Paid sick leave not a luxury

? Not long ago, a young actor I know was doing a gig as a waiter. Faced with a truly obnoxious customer, he finally leaned over the table and said theatrically, “Sir, do you realize that I’m going to be spending time alone with your dinner?”

This was a memorable moment in the annals of sick humor. But this winter, many of the people spending time alone with your dinner — or huddling around your desk — are just plain sick.

A particularly nasty little virus has taken down two members of my family, and brought Sen. Hillary Clinton to the floor in the middle of a speech. The senator, however, picked herself up and went off to her next speech, thereby proving that she was suffering from “presenteeism.”

Presenteeism isn’t an ideology, a doctrine or any other “ism.” It’s the opposite of absenteeism. It’s the practice of coming to work when you should be in bed.

This “ism” has become a buzzword in the winter of our discontent. It’s the trendy story about workers who fear being considered slackers, have a contagious work ethic or suffer from what one researcher called the “macho syndrome,” though macho of a unisex variety.

But in real life, what drags a huge number of people to work isn’t the macho, it’s the money.

Today, 47 percent of the private employees in this country get no paid sick leave. That includes 76 percent of low-wage workers. And to continue the waiter’s theme song, it also includes 84 percent of the people who are alone with your dinner.

In addition, 86 million workers don’t have a single paid sick day that can be used to care for their kids or their parents. Debra Ness of the National Partnership for Women & Families puts it this way: “A lot of women are one sick child away from losing their job.”

Despite that, the value of paid sick leave has gotten less attention than the value of echinacea and zinc. The last comprehensive piece of legislation dealing with work and family and health was the Family and Medical Leave Act in 1993. It took 13 years of effort and two presidential vetoes by the first George Bush before we were guaranteed 12 weeks of unpaid leave for the serious illness of a family member or ourselves.

This hugely successful legislation has been used by more than 50 million Americans, 40 percent of them men. But FMLA only covers the 60 percent of workers in companies with 50 or more employees. Three-quarters of the people who need but don’t take leave say it’s because they can’t afford to lose a paycheck. One in 10 who take leave actually end up on public assistance.

Now, the National Partnership for Women & Families, the lead group that pushed — and pushed — FMLA up The Hill, is pushing the boulder of paid sick leave. A bill to get seven days of paid sick leave in companies of 15 or more — days that you can use for yourself or a family member — was first introduced to Congress last summer. Ted Kennedy just pledged to reintroduce it early this year.
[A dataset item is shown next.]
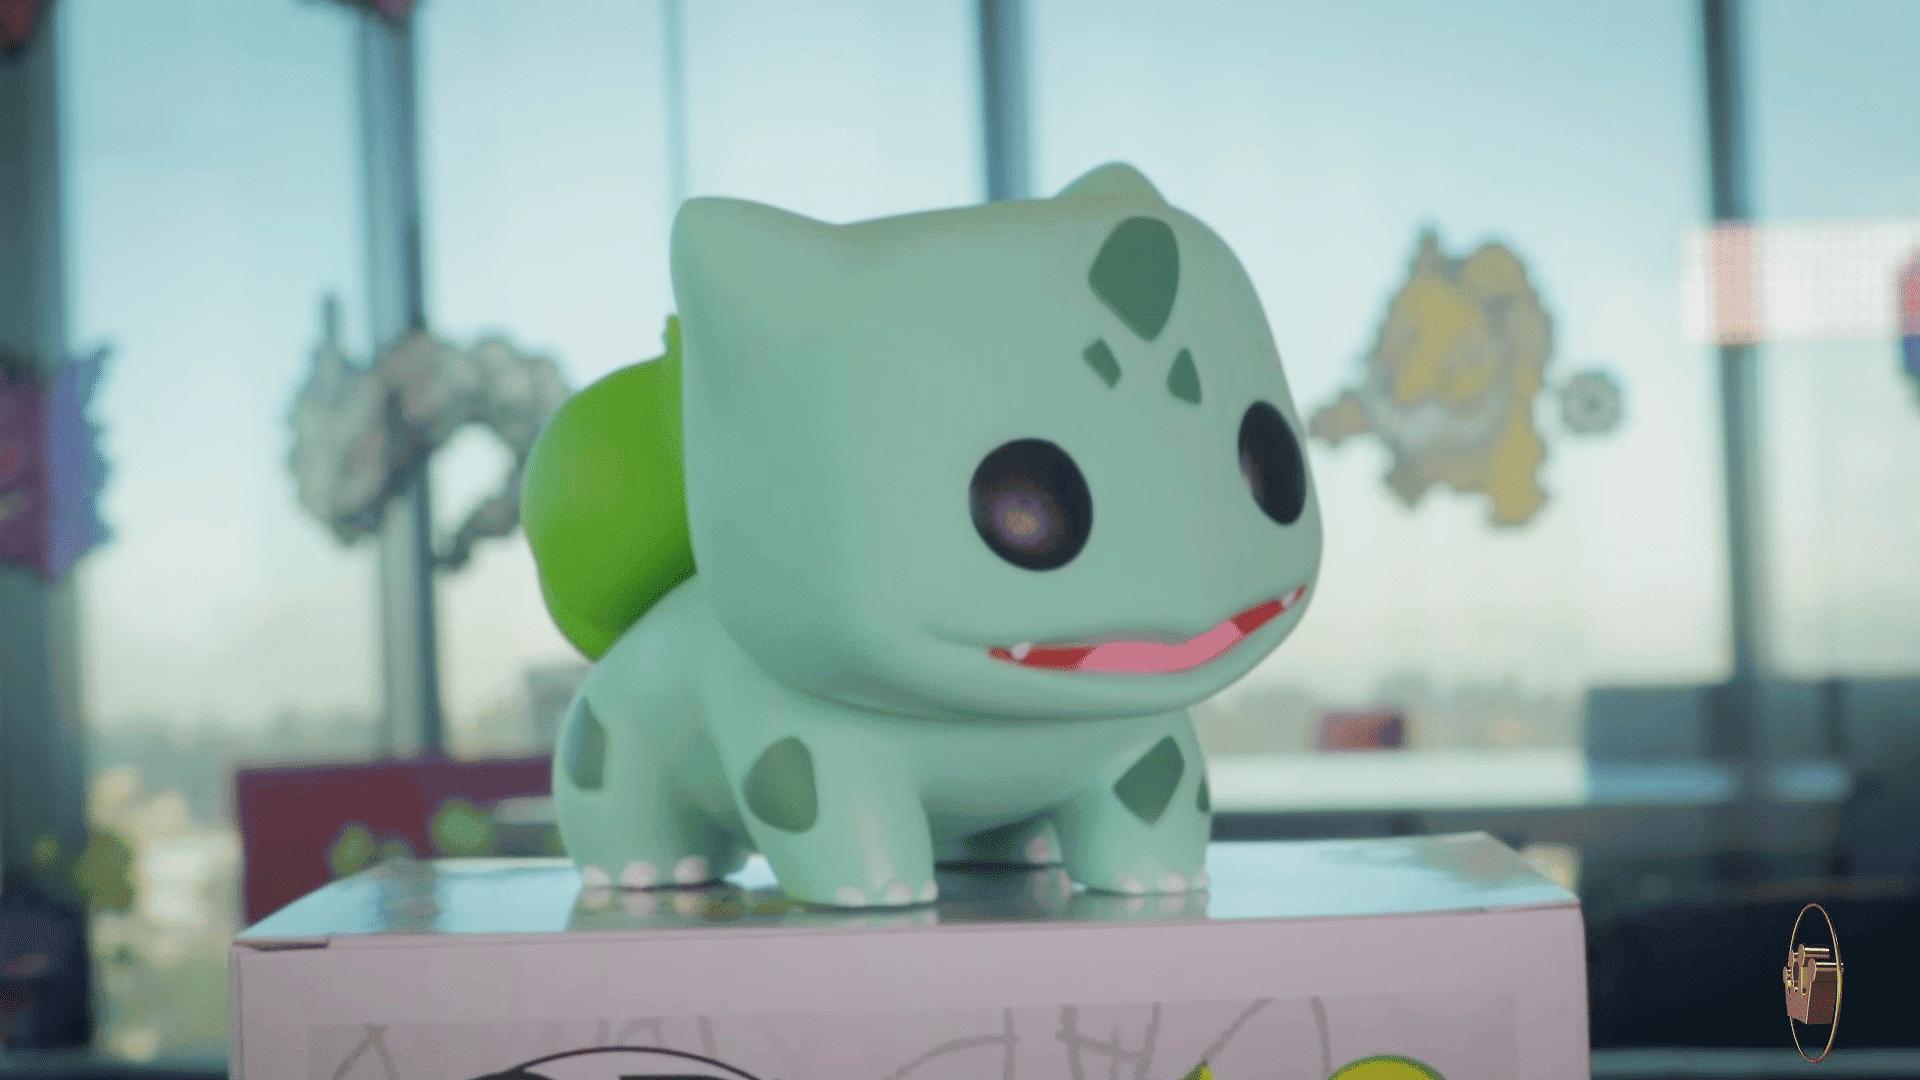 Unboxing de la figura Funko Pop Pokémon de Bulbasaur

Not even the most ardent supporter expects a victory in this Congress. Indeed, it’s rumored that the Bush administration wants to scale back FMLA itself. Moreover, Ness acknowledges ruefully, the debate about Social Security is “sucking up all the oxygen.”

At the same time, there’s got to be more to offer American families than damage control and Social Security rescue operations. At this time, we could use a little optimism to boost the political immune system.
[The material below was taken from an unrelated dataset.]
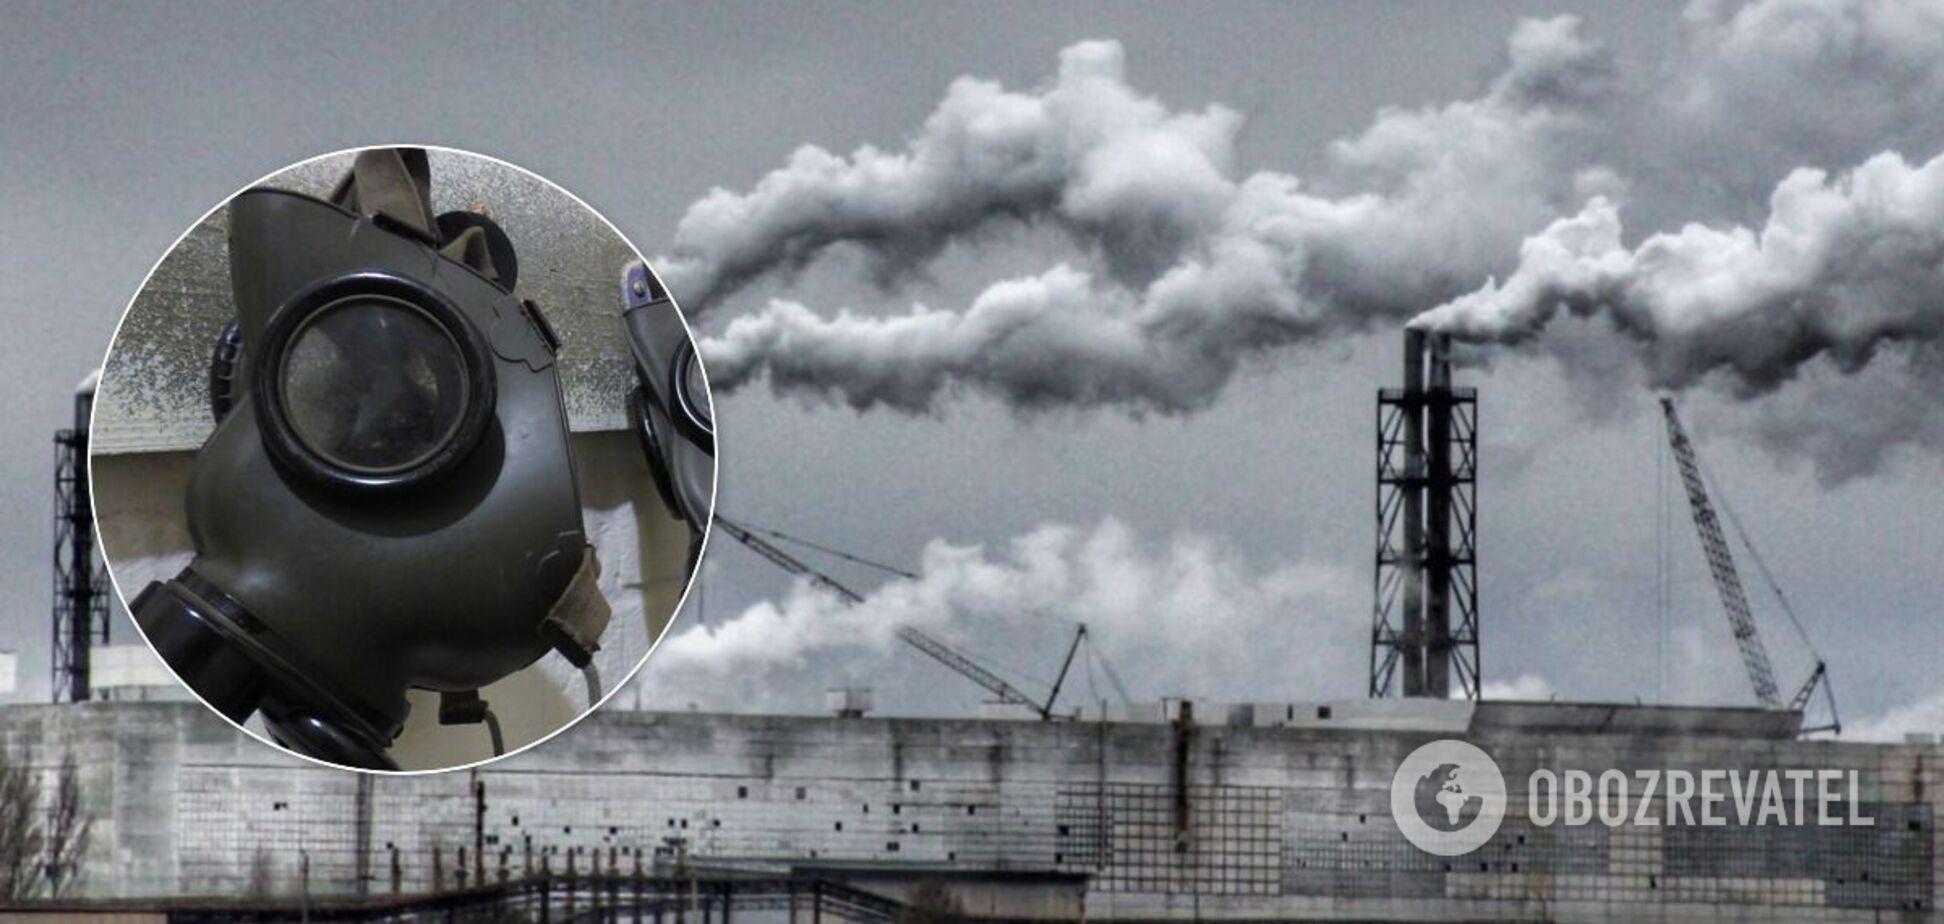 З боку Криму зафіксували викид токсичних речовин

You don’t have to be a working mother juggling a job, a flu, a sick child and a pile of bills to get it. As Ness puts it, “Very few people believe that you can go day after day, year after year without sick leave.”

In 117 countries workers are guaranteed a week or more. Our own federal government gives employees 13 such days. Momentum is building in the states, where 21 bills were introduced last year. California has become the first state to have partially paid leave. Could this be contagious?

After generations of social change, the policy lags behind the pro-family rhetoric. That’s hardly a news bulletin. If there is any common ground, it’s a shared understanding of the difficulties of balancing work and family, jobs and the “rest of life.”

“People are struggling just to meet their emergency needs,” adds Ness, who is out to build a bipartisan coalition for paid leave. “We have to ask what does it take to really ensure that families thrive?”

Much more than presenteeism at work and absenteeism at home.